### THE DATA
▬▬▬▬▬▬

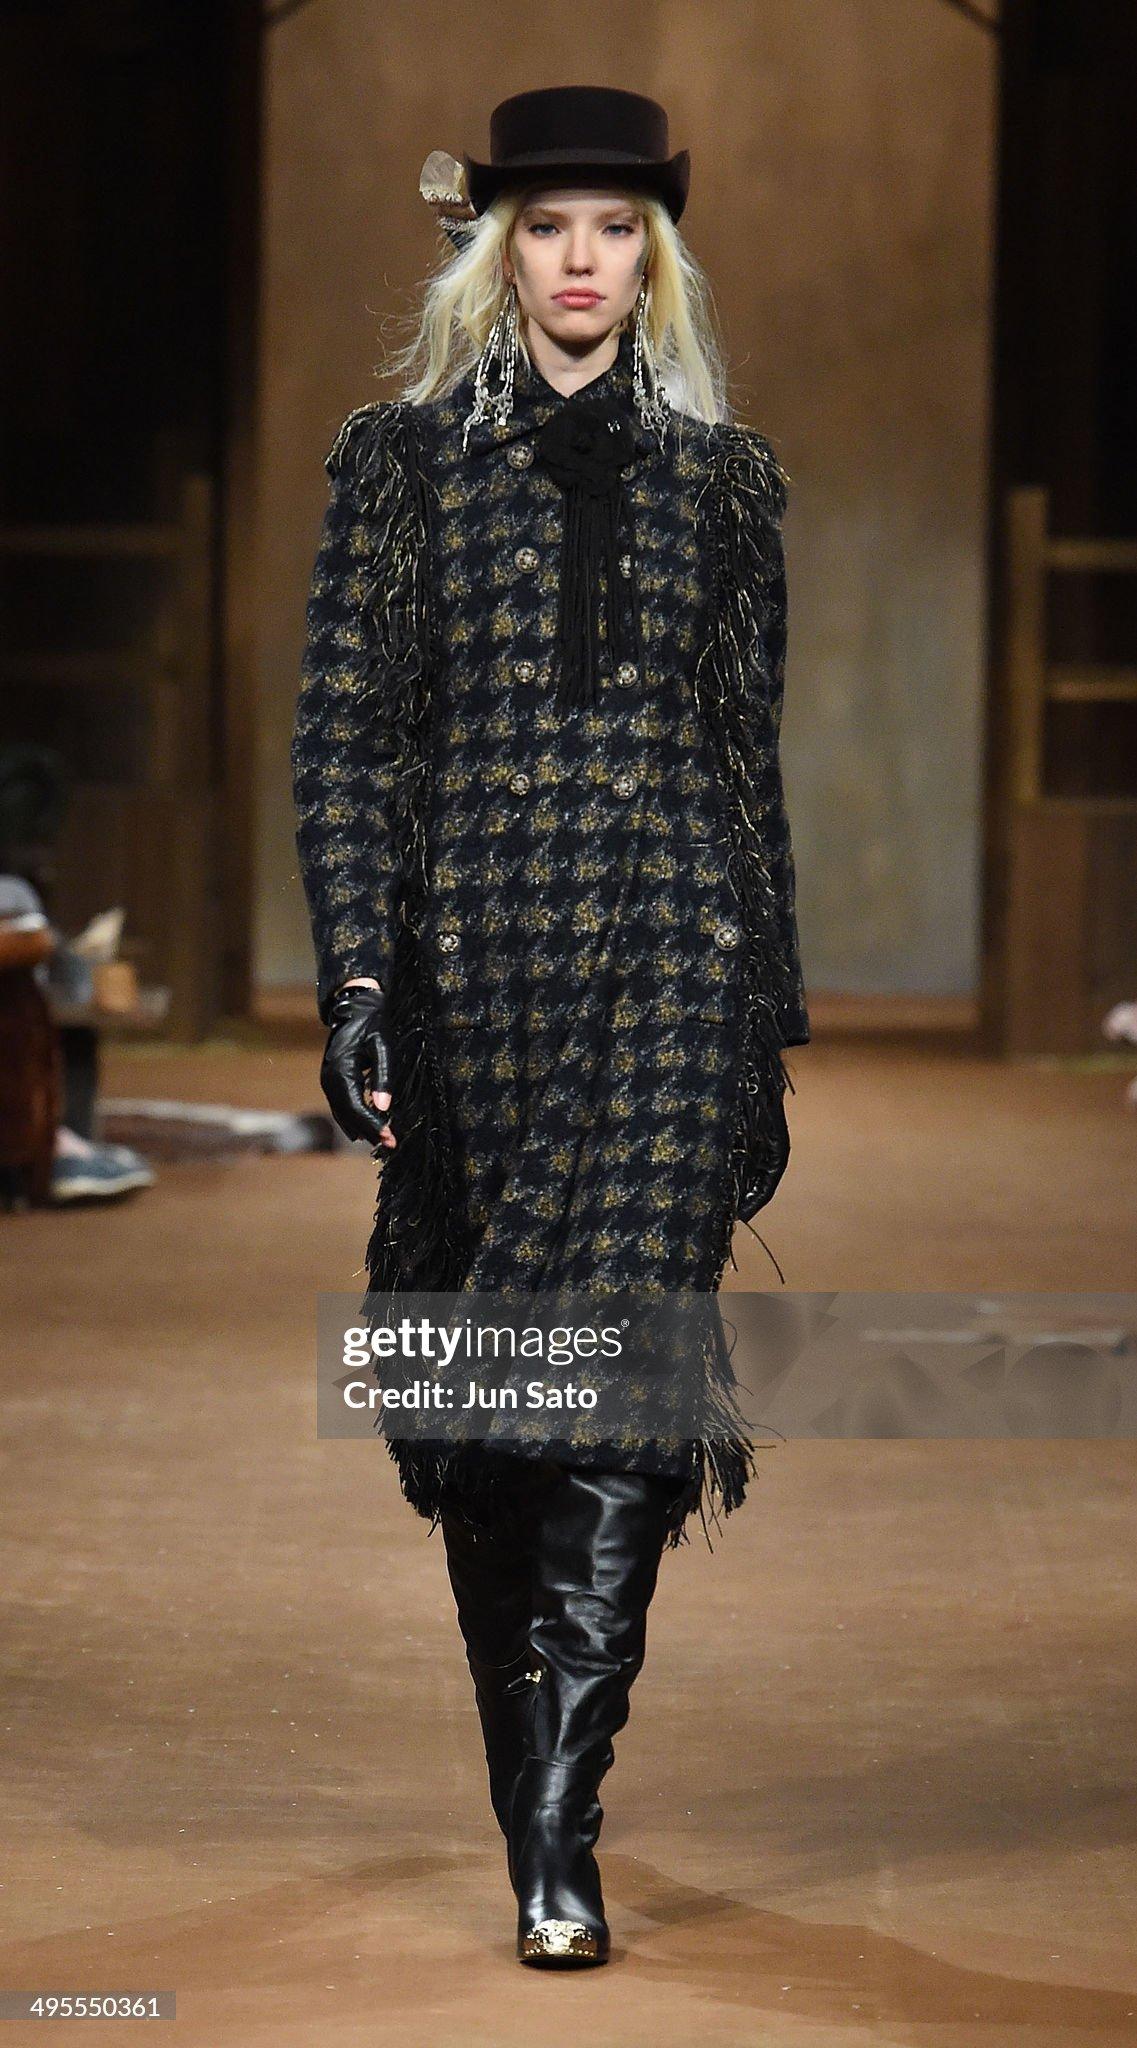 Extremely rare new Chanel black tweed coat with fringed accent from magnificent Collection Paris / DALLAS 2014 Pre-Fall Metiers d'Art by Karl Lagerfeld
Botique price over 14,000€!
Size mark 38 FR. Never worn.

▬▬▬▬▬▬

### WORK REQUIRED
With the line that contains "Botique price over 14,000€!" as the starting point, output each line exactly through the end of the listing above.

### EXERCISE OUTPUT
Botique price over 14,000€!
Size mark 38 FR. Never worn.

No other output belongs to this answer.